What’s more surprising is that it was a British company (owned by Japanese firm Softbank since 2016) and now it appears to be headed for the Nvidia stable in the USA. Good or bad, it’s difficult to tell but, given that Nvidia is one of the companies currently licensing ARM tech, how will the other licensees react to this?








						ARM: UK-based chip designer sold to US firm Nvidia
					

The new owner of the Cambridge-based chip designer has promised to keep its headquarters in the UK.



					www.bbc.co.uk


----------



## CupofJoe (Sep 14, 2020)

Nvidia's words sound good But everyone will have to await and see.
The trouble will come if Nvidia want exclusive or even first call on ARM's IP. That will destroy ARM in the long run. ARM's strength is that it is agnostic. Nvidia have said they want to keep it that way. While using its technology to break into new markets? Could be tricky...


----------



## Foxbat (Sep 15, 2020)

CupofJoe said:


> The trouble will come if Nvidia want exclusive or even first call on ARM's IP. That will destroy ARM in the long run. ARM's strength is that it is agnostic. Nvidia have said they want to keep it that way. While using its technology to break into new markets? Could be tricky...


My thoughts too. 

Apparently, Nvidia want to use ARM to develop server processors. If that's the case, will they take their eye off the ball regarding smart phone tech? Of course, smart phones are an almost saturated market so perhaps Nvidia see ARM as a way of moving on to something else more lucrative for the future. Perhaps even  producing a western 5G competitor to Huawei?


----------



## CupofJoe (Sep 15, 2020)

If you mean the 5G faster-phone network, then I think there are companies out there already in that market, for handsets and infrastructure. But who knows when you factor in politics.
If you mean the 5G Internet of Things, then I think that is a solution in search of a problem. We've been promised the IoT for the last 10 years[?] and it still seems to me a few years away. There will come a time when it becomes a thing, but it isn't any time soon.
But I think you are bang on the money with server farms.

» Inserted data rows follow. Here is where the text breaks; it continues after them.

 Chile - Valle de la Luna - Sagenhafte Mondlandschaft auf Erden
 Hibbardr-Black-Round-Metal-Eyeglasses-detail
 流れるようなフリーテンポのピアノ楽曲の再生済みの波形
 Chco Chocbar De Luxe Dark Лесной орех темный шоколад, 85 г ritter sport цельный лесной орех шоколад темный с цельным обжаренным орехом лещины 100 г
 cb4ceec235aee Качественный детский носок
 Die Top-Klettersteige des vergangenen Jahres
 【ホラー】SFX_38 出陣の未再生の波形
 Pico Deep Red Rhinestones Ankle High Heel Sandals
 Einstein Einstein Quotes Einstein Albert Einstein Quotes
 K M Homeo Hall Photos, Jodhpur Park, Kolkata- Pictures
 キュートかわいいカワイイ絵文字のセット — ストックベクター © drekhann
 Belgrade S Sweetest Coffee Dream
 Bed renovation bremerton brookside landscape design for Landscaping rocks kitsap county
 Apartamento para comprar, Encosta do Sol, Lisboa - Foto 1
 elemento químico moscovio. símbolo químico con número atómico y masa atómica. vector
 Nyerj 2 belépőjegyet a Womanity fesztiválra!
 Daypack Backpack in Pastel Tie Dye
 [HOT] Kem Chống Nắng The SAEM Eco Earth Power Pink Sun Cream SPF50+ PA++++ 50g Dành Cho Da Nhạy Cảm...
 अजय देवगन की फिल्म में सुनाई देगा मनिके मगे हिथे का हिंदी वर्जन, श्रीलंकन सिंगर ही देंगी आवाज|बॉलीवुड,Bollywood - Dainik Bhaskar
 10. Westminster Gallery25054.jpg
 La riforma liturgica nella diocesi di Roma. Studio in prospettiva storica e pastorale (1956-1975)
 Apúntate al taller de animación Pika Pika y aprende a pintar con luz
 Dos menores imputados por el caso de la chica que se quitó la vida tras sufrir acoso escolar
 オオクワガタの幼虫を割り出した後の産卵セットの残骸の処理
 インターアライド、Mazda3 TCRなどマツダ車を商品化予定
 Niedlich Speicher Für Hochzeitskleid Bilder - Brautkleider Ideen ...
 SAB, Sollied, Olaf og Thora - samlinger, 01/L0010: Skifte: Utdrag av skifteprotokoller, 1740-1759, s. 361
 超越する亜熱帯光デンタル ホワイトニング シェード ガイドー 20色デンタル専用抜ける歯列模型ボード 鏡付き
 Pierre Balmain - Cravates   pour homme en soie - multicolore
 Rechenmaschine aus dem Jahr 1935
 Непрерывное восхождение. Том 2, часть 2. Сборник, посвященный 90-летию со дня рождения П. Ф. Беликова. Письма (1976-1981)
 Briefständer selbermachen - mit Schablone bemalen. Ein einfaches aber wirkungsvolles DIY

A huge amount of electricity is devoted to cloud services. If a company can deliver an energy-efficient server farm will have a huge commercial market and ARM chips are good in that respect. Microsoft has just finished an underwater server farm with good results. Removed the people and the oxygen and apparently they last longer...


----------



## .matthew. (Sep 16, 2020)

CupofJoe said:


> Microsoft has just finished an underwater server farm with good results. Removed the people and the oxygen and apparently they last longer...


A link to that story for anyone who's interested

As for the ARM ownership, I reckon they'll just run it as it currently is, and ARM only really licences out its IP to other hardware manufacturers who would sue the hell out of them if they tried to be too shady with it.


----------



## Cydramech (Sep 16, 2020)

Unlike Intel and AMD, Nvidia does not have the licensing rights to manufacture or design x86/x86_64 chips. Unlike Intel and AMD, Nvidia cannot build a unified architecture with its graphical processing unit. Acquiring ARM gives them both, destabilizing the unified architecture duopoly, and thanks to this acquisition, even the desktop market itself will not remain an x86-based monopoly for long. (For better/worse, history will decide.)


----------